Study characteristics: study timeline (period of data collection).
Patient demographics: age and gender.
Tumor characteristics: size and histologic grade.
Treatment data: primary intervention (surgery) and adjuvant therapies (chemotherapy, radiotherapy).
Outcomes: follow-up duration and survival data stratified by different treatment groups and tumor grades.

2.4. Quality Assessment

Two review authors (A.K. and K.S.), blinded to each other’s decisions, independently assessed the methodological quality of the included studies using the Newcastle–Ottawa Scale (NOS) [6]. NOS is a validated tool designed for assessing the quality of non-randomized studies. It judges studies based on three domains: selection of study groups, comparability of groups, and assessment of the outcome or exposure. The tool comprises a total of eight items, with a star system used to denote quality.

2.5. Synthesis Methods

The meta-analysis was conducted using the R statistical computing language (version 4.4.0) [7] and the meta package [8,9]. Since detailed individual patient data were not available from the primary studies, Kaplan–Meier (KM) curves presented in the published articles were digitized to extract numerical data for analysis. This was performed using the Web Plot Digitizer platform (https://automeris.io/WebPlotDigitizer/, accessed on 30 July 2025) to calibrate the figures and extract coordinates for overall survival (OS) and progression-free survival (PFS) over time. Time units were standardized to months for all studies, converting from days where necessary. The digitized data were then used to reconstruct KM curves within the R environment. This process enabled the estimation of survival probabilities over time and the calculation of hazard ratios (HRs) for specific grade comparisons (e.g., Grade 1 vs. Grade 2) for each individual study. For the study by Merino et al. [10], where detailed time-to-event data were provided in the text, KM curves were first reconstructed and then digitized using the same methodology to ensure consistency.

Two analytical approaches were employed:

Aggregated Kaplan–Meier Analysis: The digitized individual patient data from all studies were pooled to generate aggregate Kaplan–Meier curves.
Meta-Analysis of Hazard Ratios: A formal meta-analysis was performed based on the calculated HRs from each study. Using Grade 1 as the reference, HRs were calculated for the comparisons of Grade 1 versus Grade 2 and Grade 1 versus Grade 3.
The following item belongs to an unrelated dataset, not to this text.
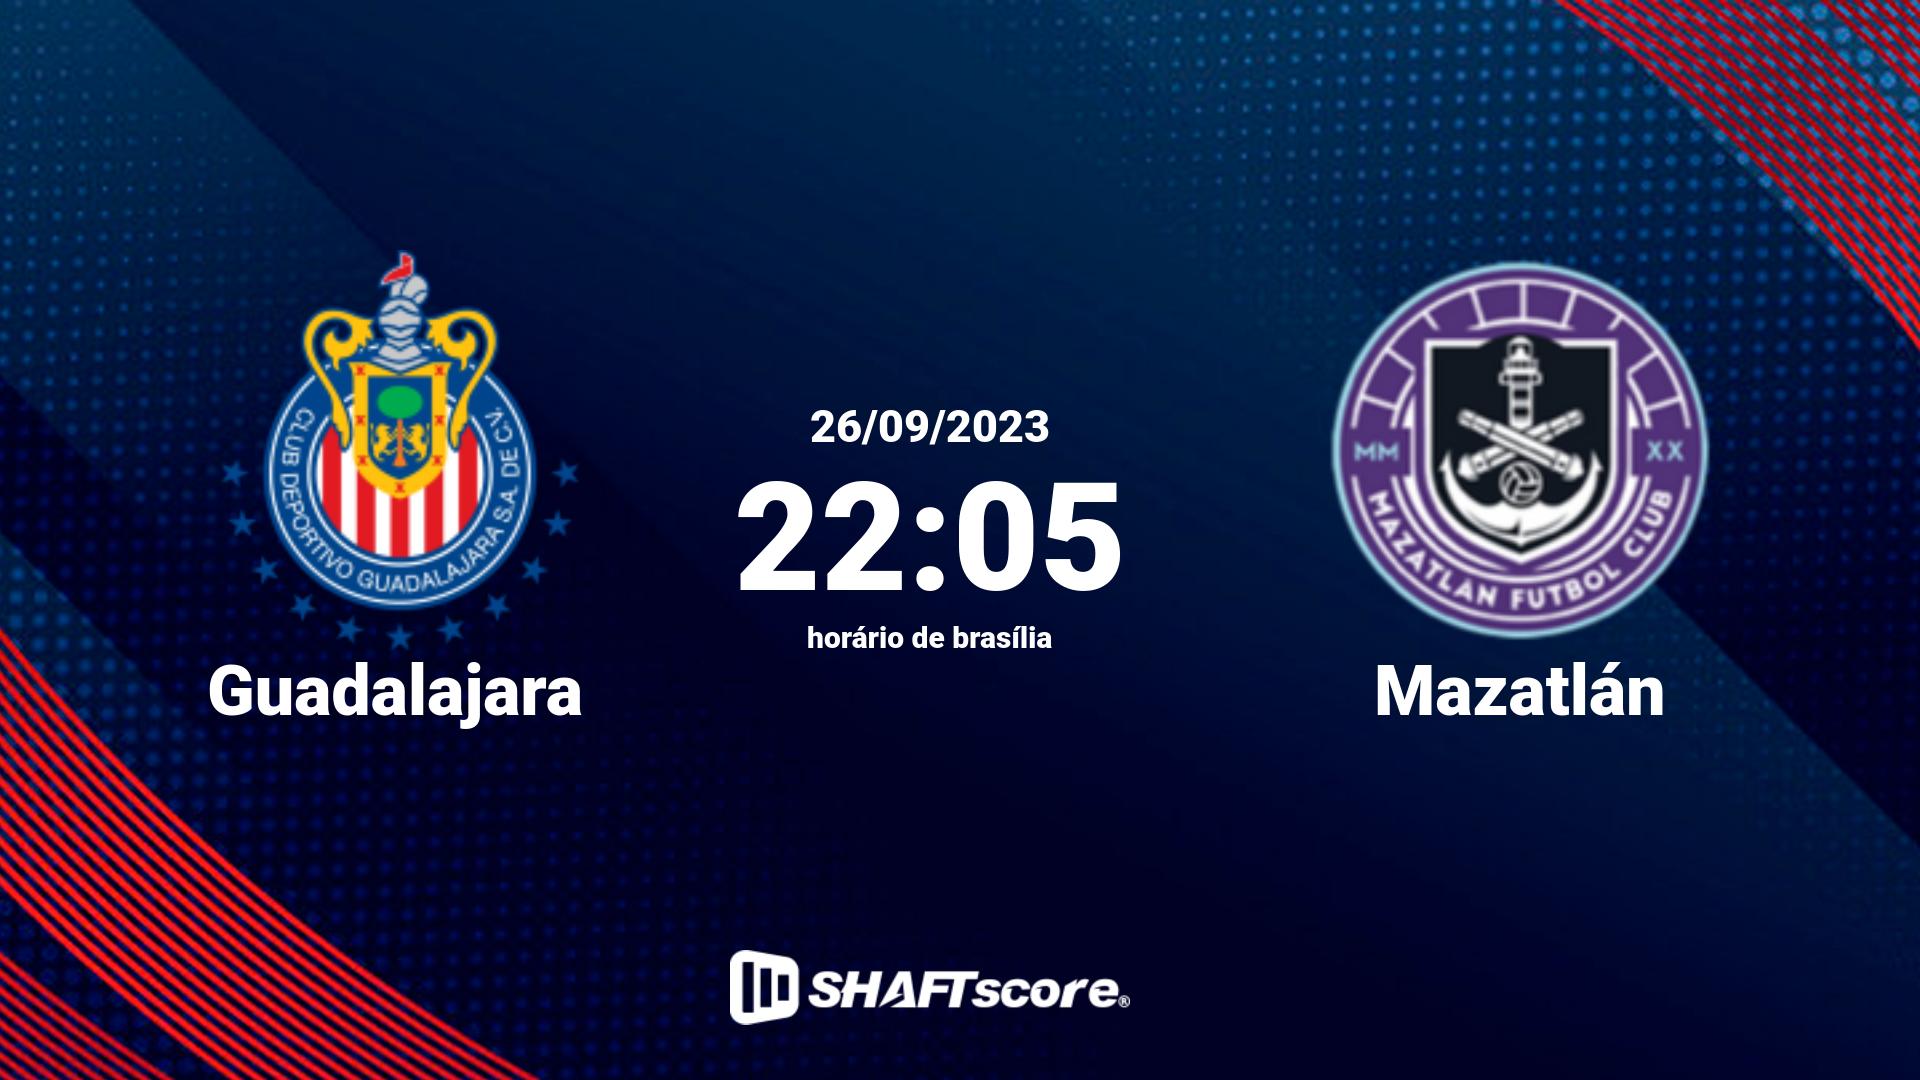 Estatísticas do jogo Guadalajara vs Mazatlán 26.09 22:05

Both fixed-effect and random-effects models were fitted. The random-effects model was considered the primary method, as it accounts for potential heterogeneity between studies and is generally preferred when clinical or methodological variations are expected. Statistical heterogeneity was quantified using the I² statistics metric. The results are presented using forest plots. A sensitivity analysis was not feasible due to the limited number of studies.

The meta-analysis of grade was performed exclusively on studies utilizing the three-tier grading system to ensure prognostic consistency. Studies using the four-tier system were included in descriptive summaries but not in the pooled hazard ratio analysis for grade, to avoid misclassification bias.

3. Results

3.1. Study Selection

The systematic database search identified a total of 1404 records. This comprised 591 articles from PubMed, 805 from Scopus, and 8 from the Cochrane Library, gathered from their inception until 27 June 2025. After the removal of 398 duplicate records, 1006 unique articles were screened based on their titles and abstracts. Of these, 938 studies were excluded for not meeting the eligibility criteria.

The full text of the remaining 68 articles was sought and successfully retrieved for detailed assessment. Following the full-text review, 11 studies were found to meet all inclusion criteria. The reasons for excluding the 56 full-text articles were as follows: non-peer-reviewed articles (n = 7), case series with fewer than five patients (n = 23), articles that did not report survival data stratified by tumor grade or therapy (n = 20), and studies based on database-derived data (n = 4). Furthermore, two review articles and one short communication were excluded. A manual search of the reference lists of included studies (snowballing) did not yield any additional eligible articles. The study selection process is illustrated in Figure 1 (PRISMA flow diagram).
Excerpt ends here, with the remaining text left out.